I mean… the closest thing to a** play I’d experienced was wiping too hard with single ply. Yes, this was the first time I’d massaged a man’s prostate. As I plunged inside him, I had three thoughts:
- I hope this guy is a good tipper.
- If I stop by the bodega on 30th Street after this, I can pick up a snack for Noah, and then we won’t have to rush to hockey from pick-up.
- This guy moans like Kermit the Frog when he comes.
When I was 24 and living in New York City, I was a sex worker by day and a well-known babysitter by night. I loved being both.
A run-in with a professional squatter had left me $8,000 in debt and on thin ropes with my live-in boyfriend, who was experiencing severe panic attacks from the financial and emotional strain. I needed a quick fix — and after a few Backpage.com searches, I found it at a rub ‘n tug hidden in a quiet apartment building in the Flatiron District.
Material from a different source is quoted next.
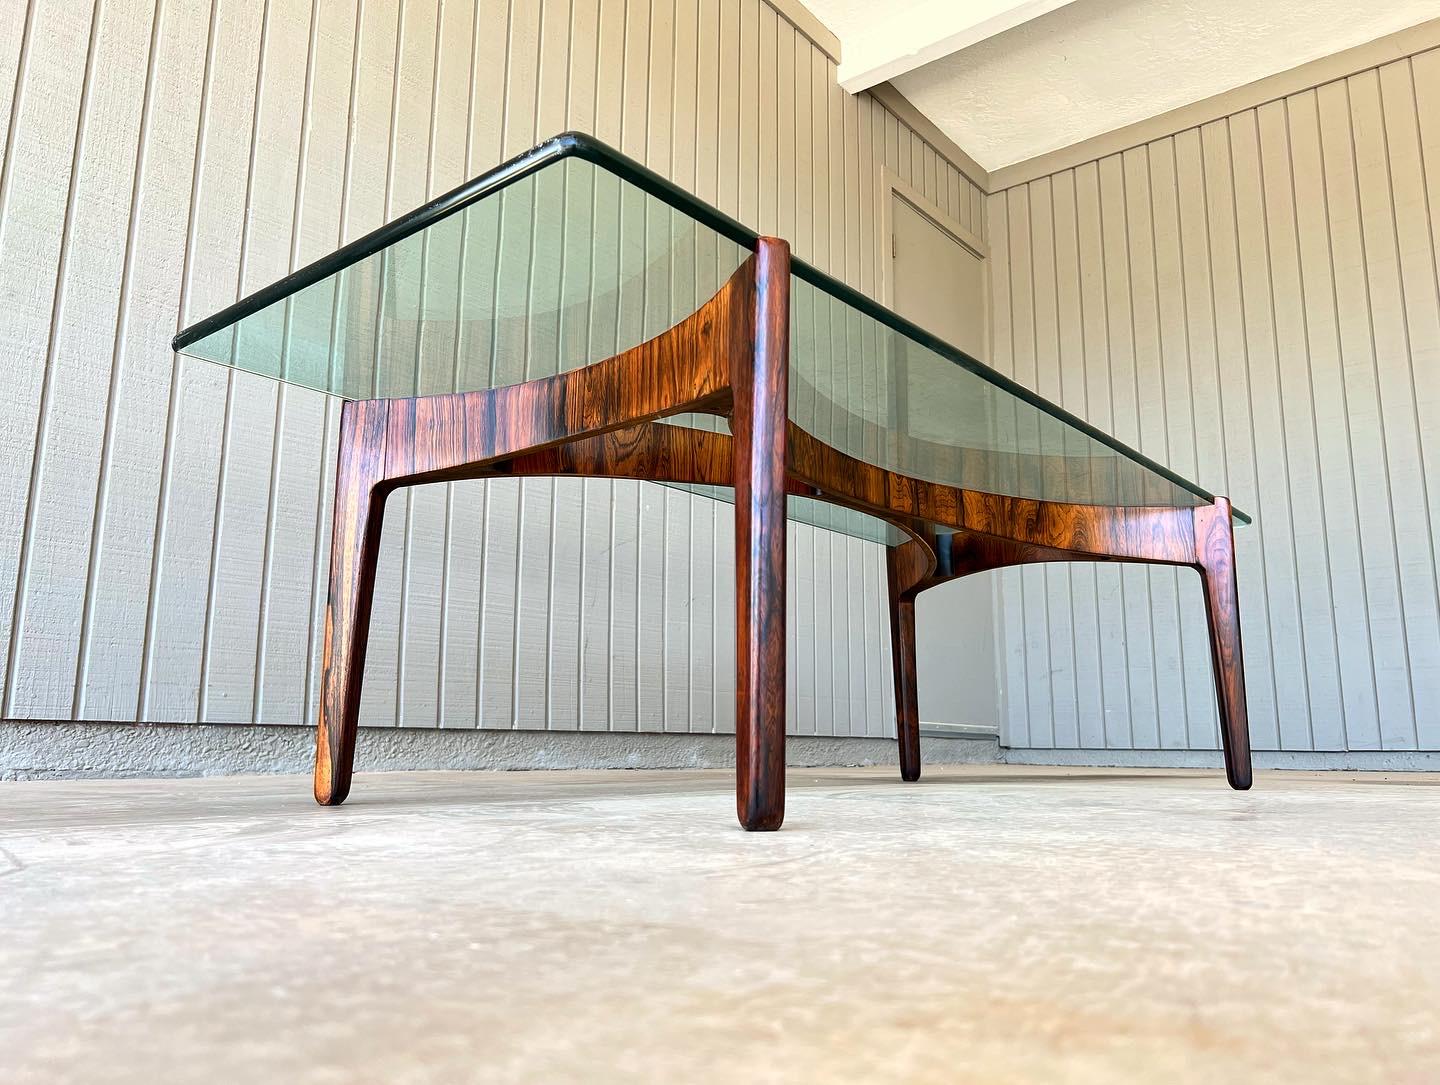 Rosewood base with a glass top mid century modern coffee table designed by Sven Ellekaer for Christian Linneberg Møbelfabrik in the early 1960s in Denmark. The sculptural wood base was already in great condition but has been professionally
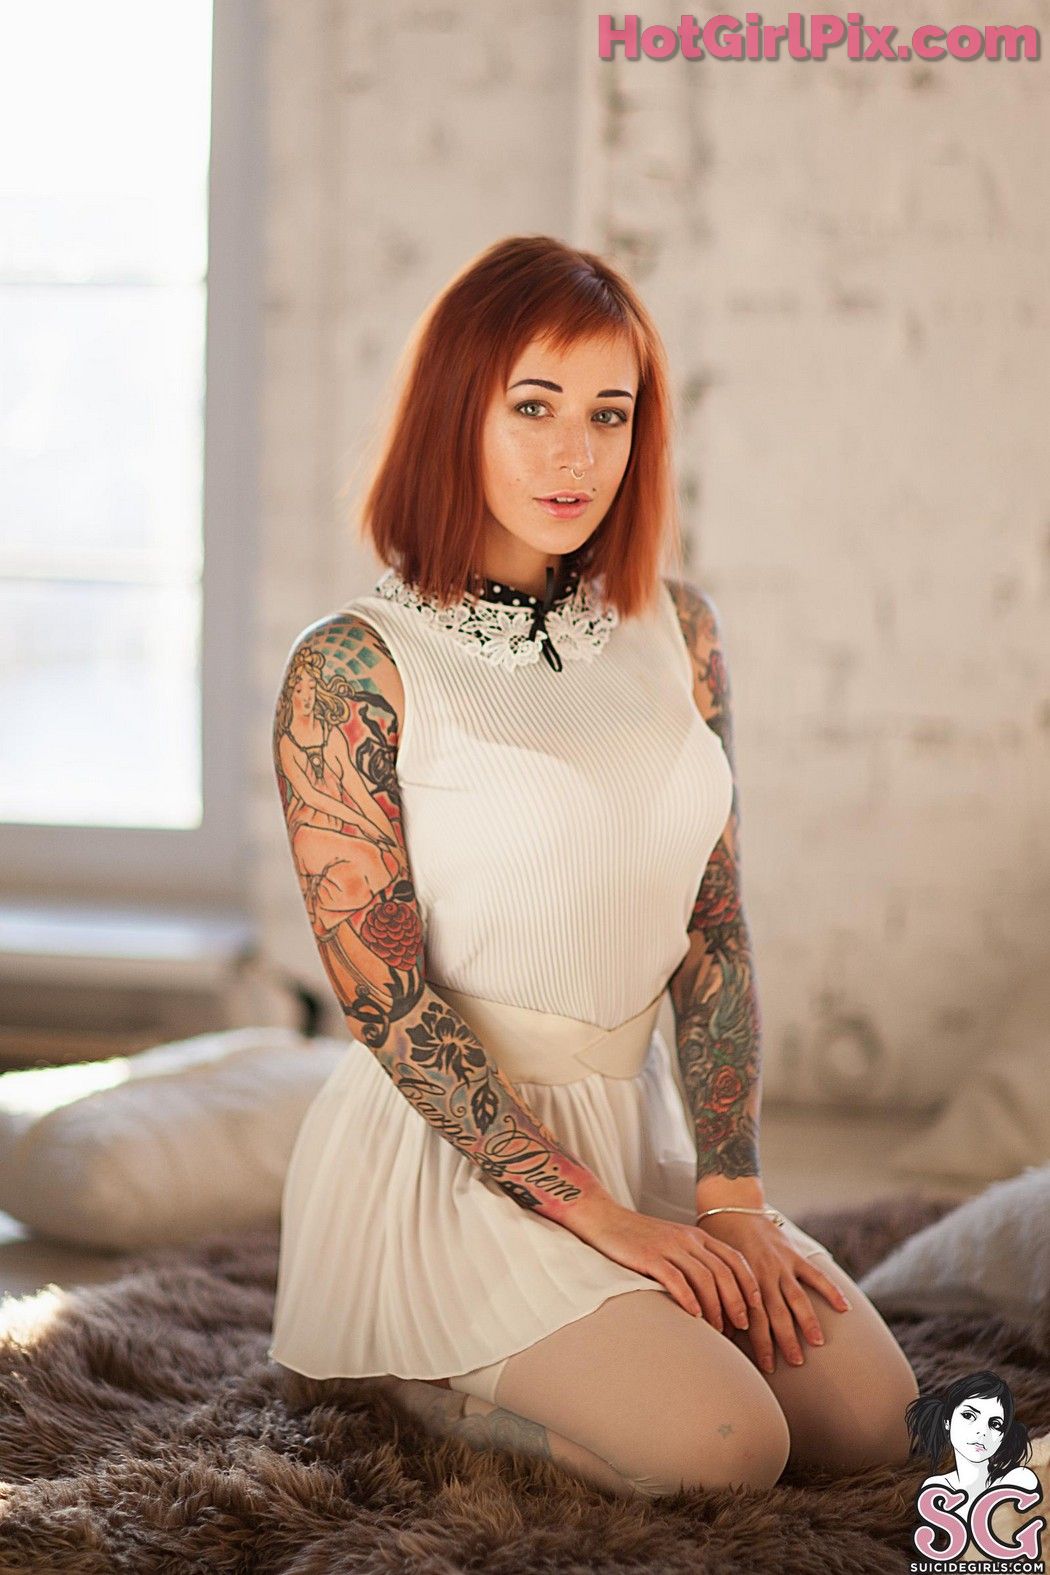 [Suicide Girls] Janesinner - Young and Beautiful

I already had a part-time job babysitting for the most wonderful kids on the Upper West Side, Noah and Rebekkah (names have been changed). It provided community, affirmation, and a way to fill my ever-widening financial gaps as I pursued my dream of acting on Broadway. But rent was due and Backpage had a wealth of opportunities that didn’t involve asking anyone else for help. I was educated, capable, and frankly curious if anyone would find me attractive enough to pay to pleasure them. Penetration wouldn’t be an expectation — just a regular massage I performed in lingerie, ending with a handjob.
Handjobs were so innocent, high schoolers did them in their backseats after football games. I was dipping my toe into the murky waters of sex work, not diving in. Also, my clients would be in and out in 30-minute windows, so I wouldn’t be building real relationships with anyone. It was completely anonymous work where I would be solely giving and not receiving, perfect for a natural codependent.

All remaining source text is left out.